Pagan Values Month 2012 Following the Tarot

This June is Pagan Values month (http://paganvalues.wordpress.com/).  I've been reading a ton a beautiful and wonderful assessments of pagan values, ethics and thoughts (many of which are linked either in the archives or at the facebook event page) and at the same time I've been wondering what I am going to write, if anything.  Some people have covered broad over views and some people have picked specific topics to dig into.   Some works read like a manual and some are filled with poetic imagery. 

I wanted mine to stand on it's own as something of value to me and to help bring something to this community posting session.   I've been struggling with how to do that.  While I enjoy posting on the Delphic Maximums.  It's helped to clarify my stance on a lot of issues, it's started to bring form back into my writing, and it's something concrete I can look at from blog to blog and see direct variances to discuss and understand, I don't think these laws really encompass my moral and ethics.  So much of my posting on them is about only in these situations does this apply, that I feel it doesn't encompass my world view.  Plus, what I've written on the Delphic Maximums has often been said better by others already.

As I often do in these instances, I went back to my Gods and the Divine and decided that I would do a tarot draw on what the universe felt like I should talk about for this post.  Below isn't what comes to my mind first or what is most important to me, but what Divine sought for me to focus on in this post.  It's an important lesson in and of itself: to know when one is lost and overwhelmed and to know how to seek advice either from Gods/Divine or from others around you.

Three Card Goddess Tarot Pull:


How I View My Morals Based On The King of Pentacles:


Things that strikes me immediately about this card: pentacles are associated with the earth, which is my horoscope element. This card is supposed to be about me and how I feel, and my draw is my wheel house element. Earth was also coincidentally the first element I really connected to and bonded with. I probably have the most similarities to fire or air and am most covetous of various water qualities, but earth is my stand by. When I need something, I go to the earth first. My worship is to land based deities. My practice is about focusing in the present or what is here in the earth realm.


I have to admit that while I like to present as fluid and dynamic, it's nice to think there's solid ground and back bone behind my values and morals. Nothing could say that more strongly than pulling a powerful earth suit card to start my June Pagan Ethics Blog Out.


The pentacle itself has heavy meaning to me personally as well. It was the first pagan symbol I was drawn to and it touches a chord deep within me that's hard to define on paper. I've always admired the math of the pentagram, put it in a continuous loop and there's a little poetry with that perfection.
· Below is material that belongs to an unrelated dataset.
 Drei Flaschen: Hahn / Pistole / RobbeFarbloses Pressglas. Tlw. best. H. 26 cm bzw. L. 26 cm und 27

Another interesting little note on the card itself is that the King in the Goddess Tarot is only the second highest card in the suit, female cards, the Queen in this case is ranked higher, so this reads as the Queen in most standard tarot decks. It suits because I'd want my moral view to be considered of a higher caliber of a face card (I want others to think my morals are a higher standard than they are hence the trick out goddess tarot king that's a queen) but specialized in a manner only found in the minor arcana.
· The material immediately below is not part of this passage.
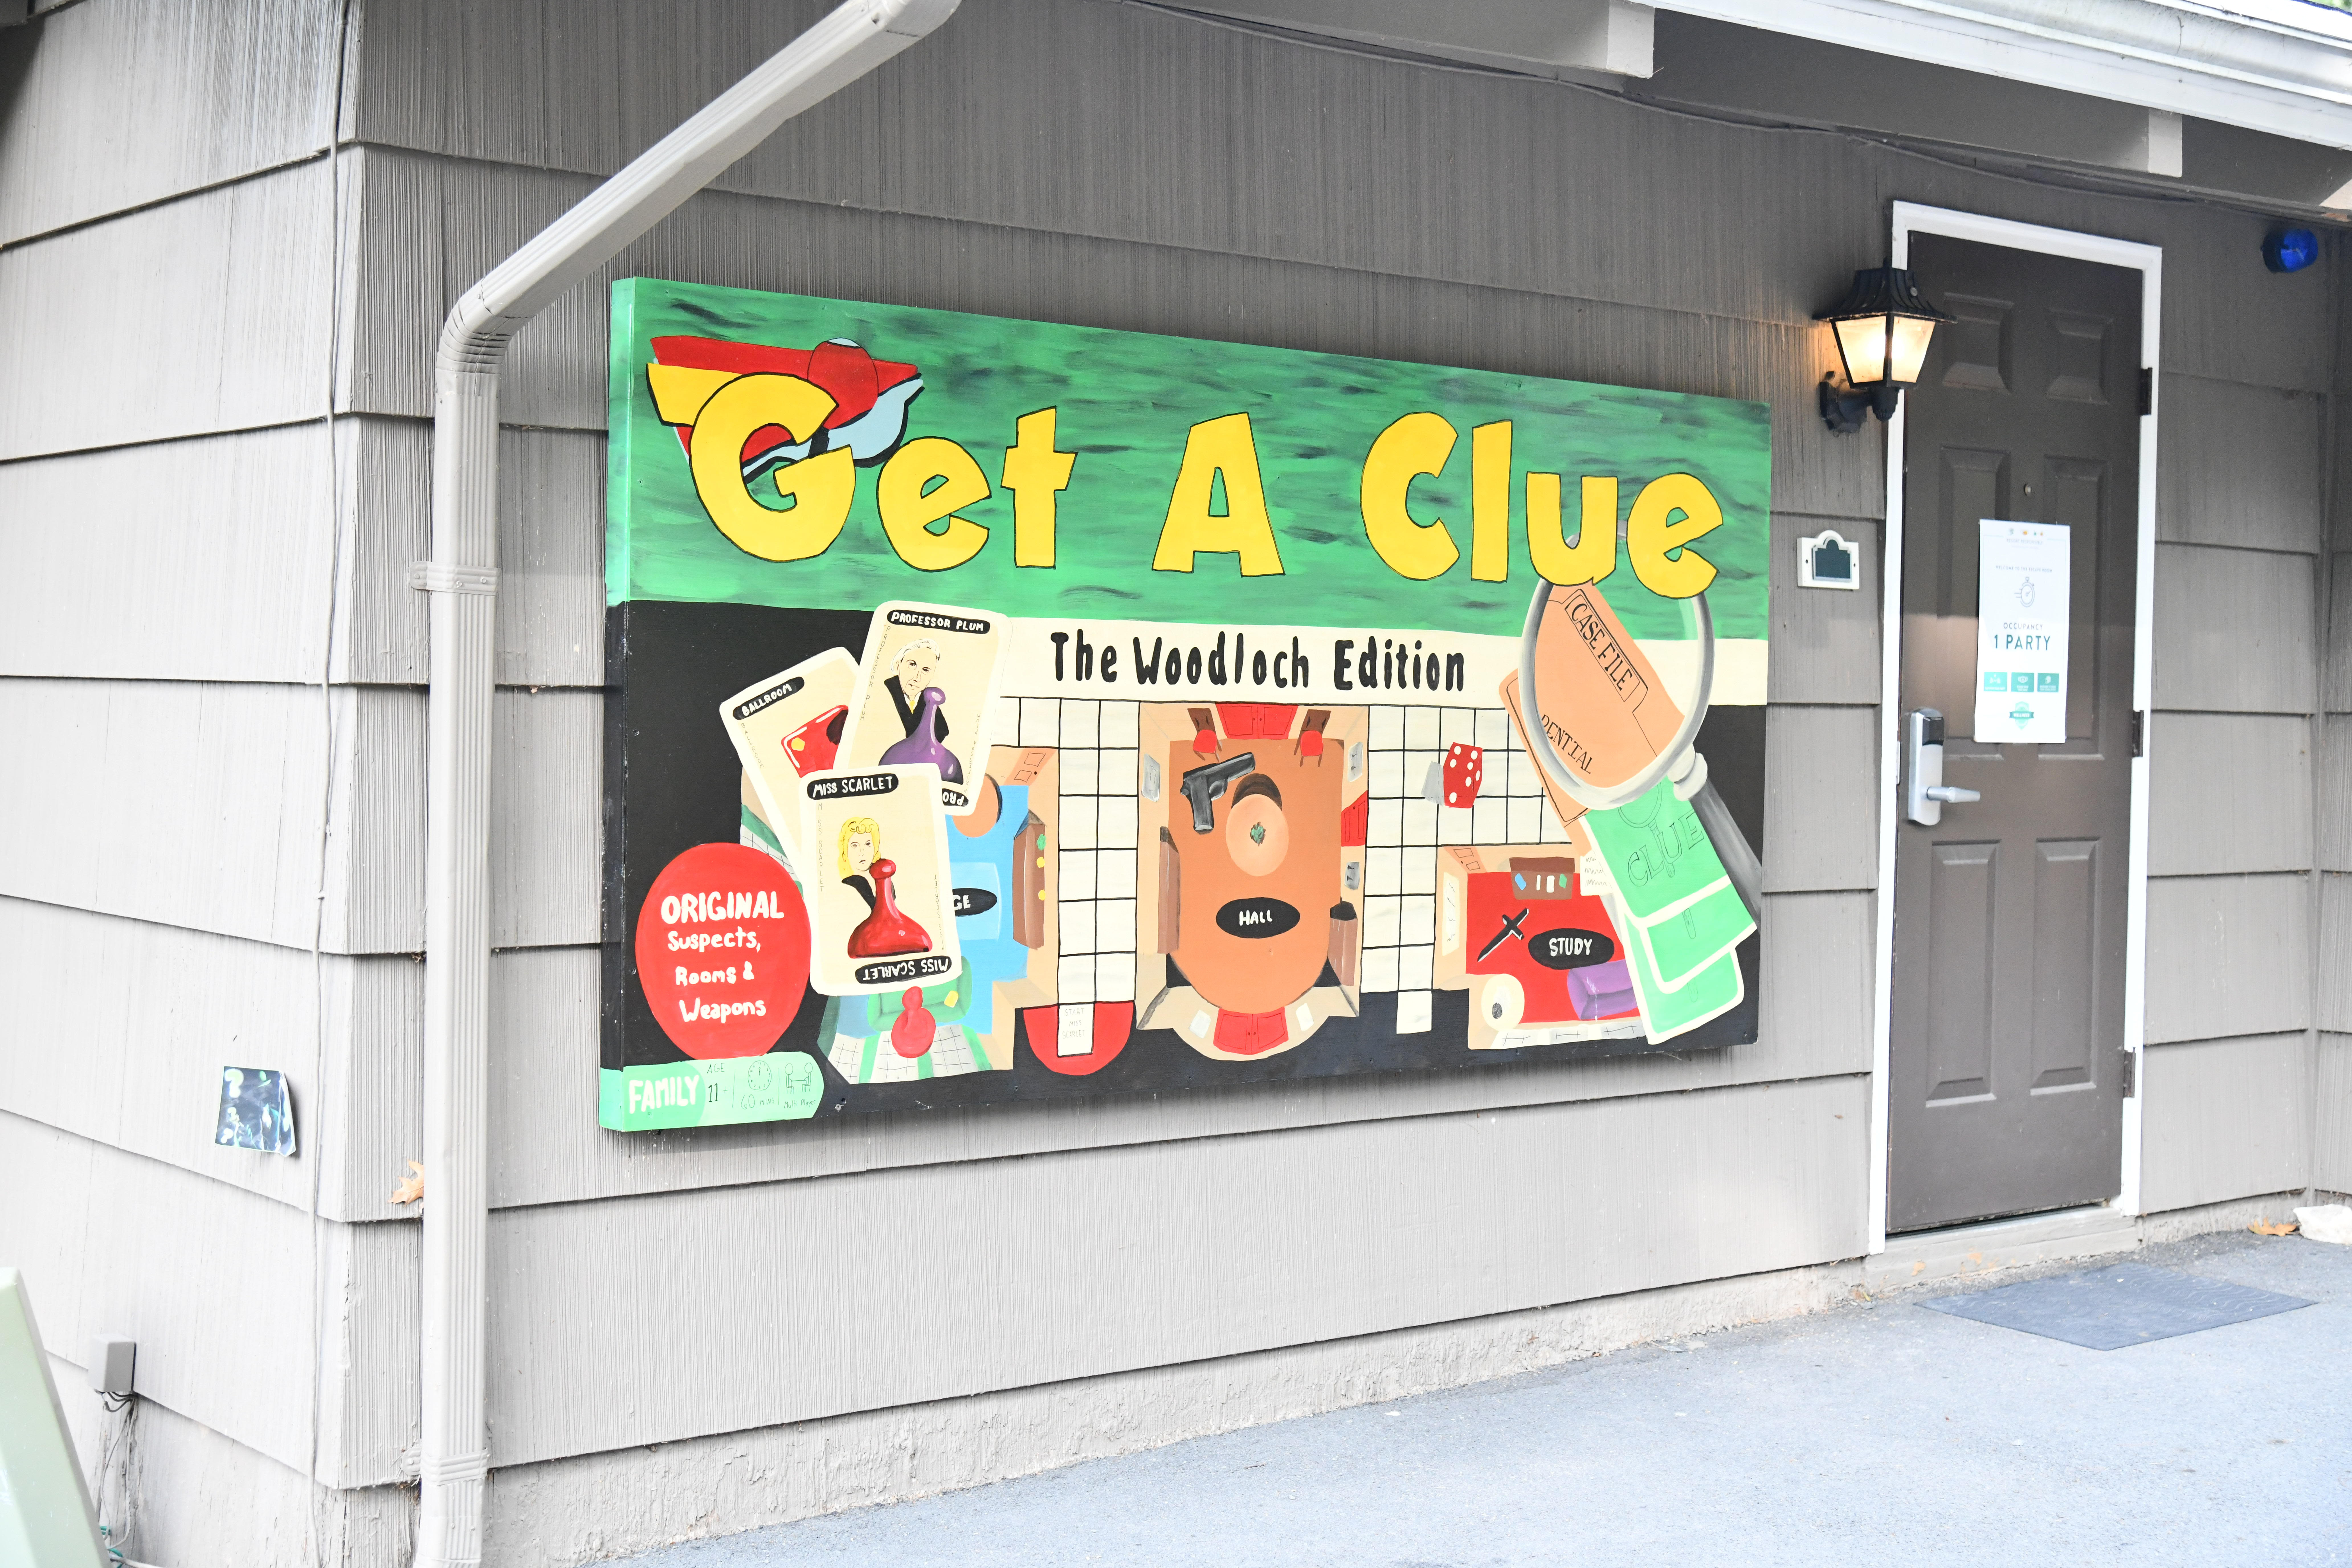 Get A clue sign on side of building at Woodloch Resort Poconos

This card says I don't want to talk about immaterial in regard to ethics, I want practicality that works in this world. It tells me that I' focused most on how I treat other people and how those people treat me. I value above all else generosity and nurturing. It's what I think I'm best able to give others and how I prefer to be treated. In particular, I want to help people to grow to be their fullest self. I have specific idea about how to best manifest that, but I acknowledge that each person's solution would have to be individual and would come only in his or her own time and space. I like the challenge of both understanding another human, seeing their multitude of options/talents, and watching/waiting so see where exactly they are in their journey and where they want to go.


I'd like to think that I offer a kind and unique perspective to those who want it. I similarly like to think I value other's kind and unique perspectives on my life when they are provided.


How My Gods View Morals (two cards one for each Deity): King of Staves and the Nine of Staves:


It fascinates me that both Deities I honor at my alter chose to speak to me through the fire sign of the minor arcana. It relates back in my head to the votive I light in their honor and interactions that cut through regular consciousness bright an sharp like little embers escaping a bonfire.


Fire speaks to both the intensity of feeling and relationship we have but also to how fickle and changing that relationship can be. In particular one of my Deities values change above all else, that Ze would speak to me through the most aggressively changing element isn't particularly surprising. Hospitality is also very core to Ze so the hearth symbolism is also fitting.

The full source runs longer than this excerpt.